Protect personally identifiable information with data masking in non-production databases, comply with legislation and prevent data leaks in QA environments
Nowadays, more and more organizations use dozens of databases and applications for their processes. It´s common to copy those databases for other use than the primary process. The majority create multiple copies of those production systems for different purposes like development, testing, acceptance, training, outsourcing, etc. A lot of these systems contain personally identifiable information (PII) or corporate critic and privacy sensitive data.
Data masking or anonymization revolves around altering the data in a way that it remains useful for testing and development, but the identification of a person becomes almost impossible. This article will explain the basics of anonymization and what you can do today to start moving towards anonymized non-production environments to protect privacy sensitive data. So, how to mask test data?
What is Data masking?
“Masking or obfuscating data is the process of transforming original data using of masking techniques to comply with data security and privacy regulations.“
This definition is comparable to the one on wikipedia, but we think that you’ll execute these process to get compliant. That’s the reason why we include the compliance with laws and rules (like GDPR, PCI and HIPAA).

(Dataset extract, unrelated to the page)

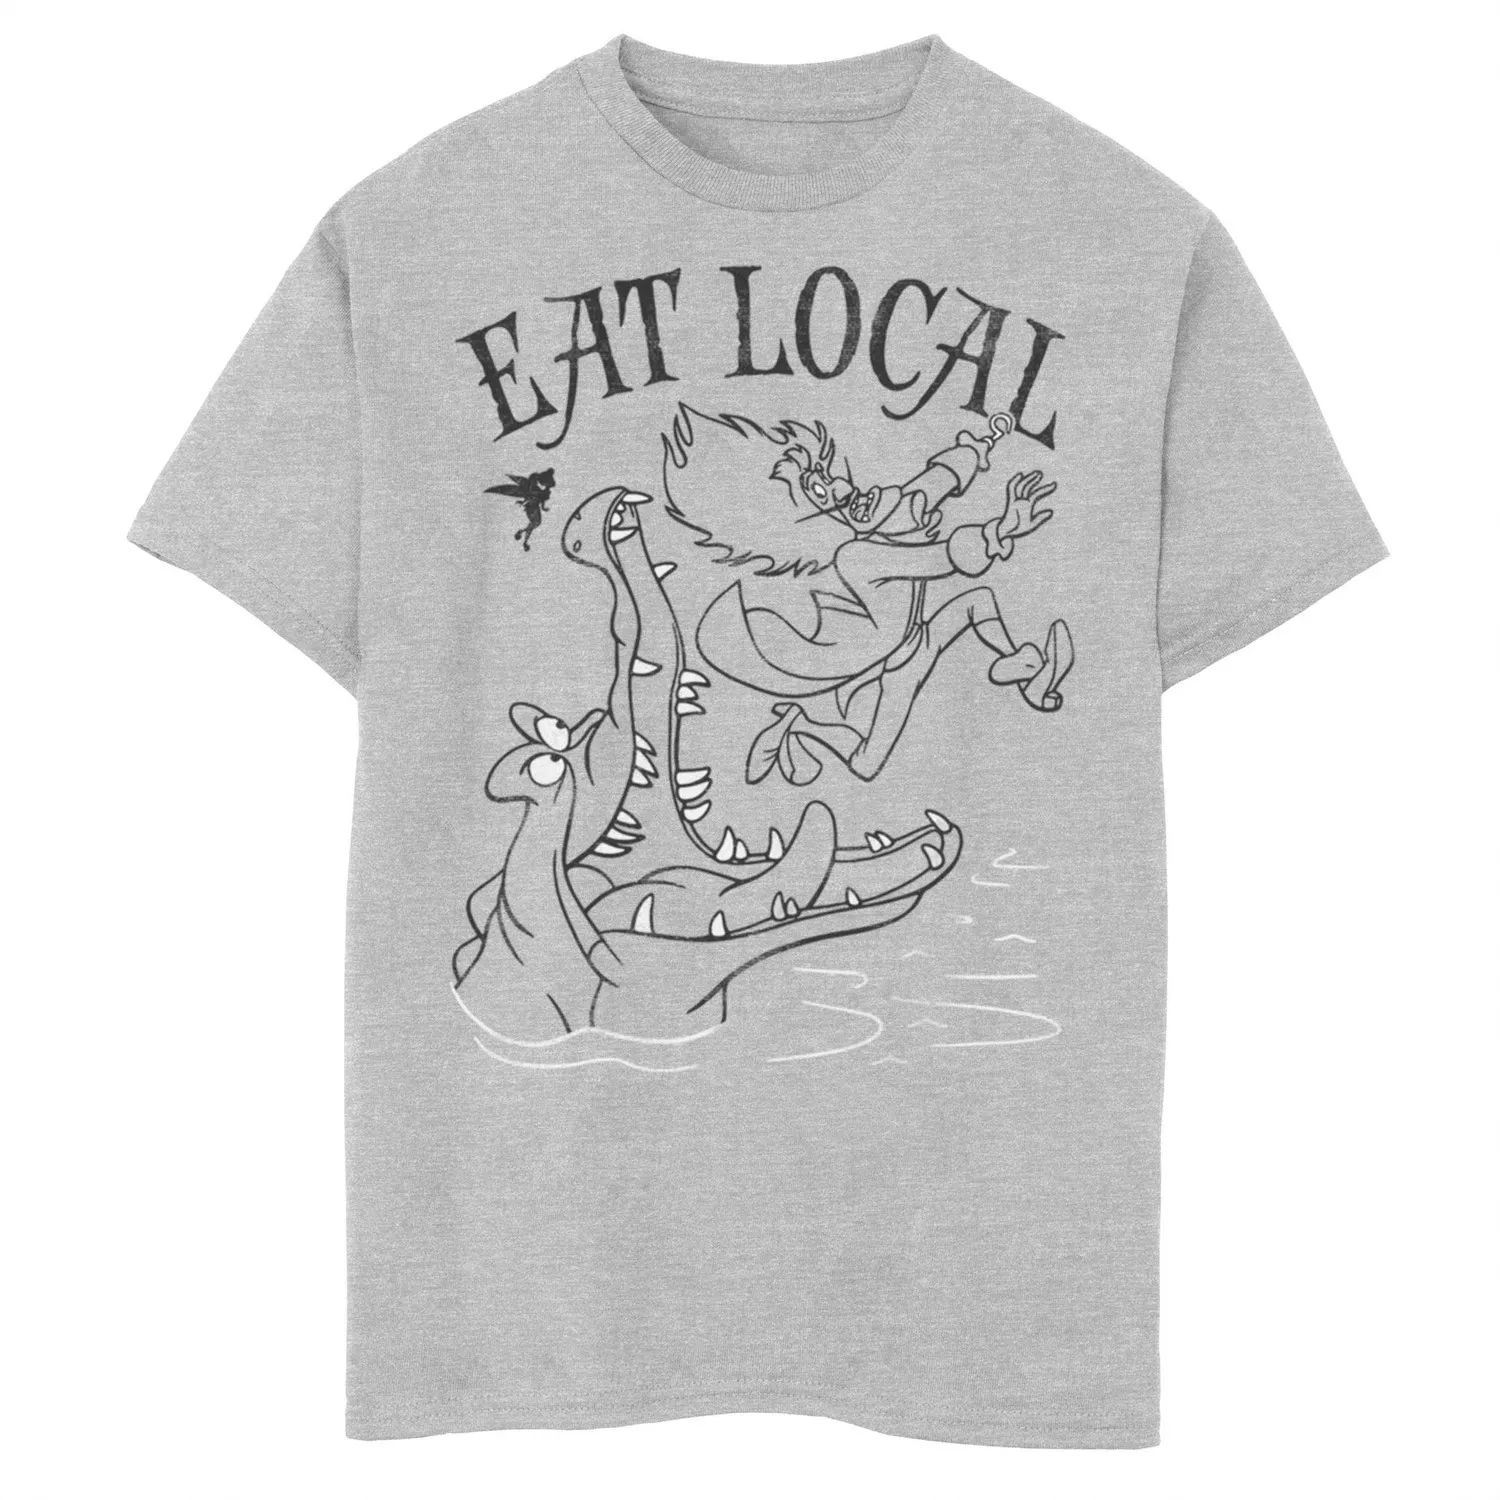 Мальчики 8–20 лет с изображением Питера Пэна Диснея едят футболку с местным рисунком Licensed Character

There are different terms used interchangeably for the definition of data masking, like data anonymization or data obfuscation. For the convenience, we use the term data masking.
The data masking meaning is the process of hiding personal data. The main reason is to ensure that the data cannot refer back to a certain person. There are different methods for masking data and data masking techniques. Also a distinction can be made between dynamic data masking and static data masking. The method or technique you choose depends on the type of data you want to mask.
Scrambled data in testing
Anonymizing or scrambling production data within non-prod environments is used more and more often. You still have your full data set containing ‘normal’ data, but in the masked data all sensitivities are modified so it cannot be linked to the original individual.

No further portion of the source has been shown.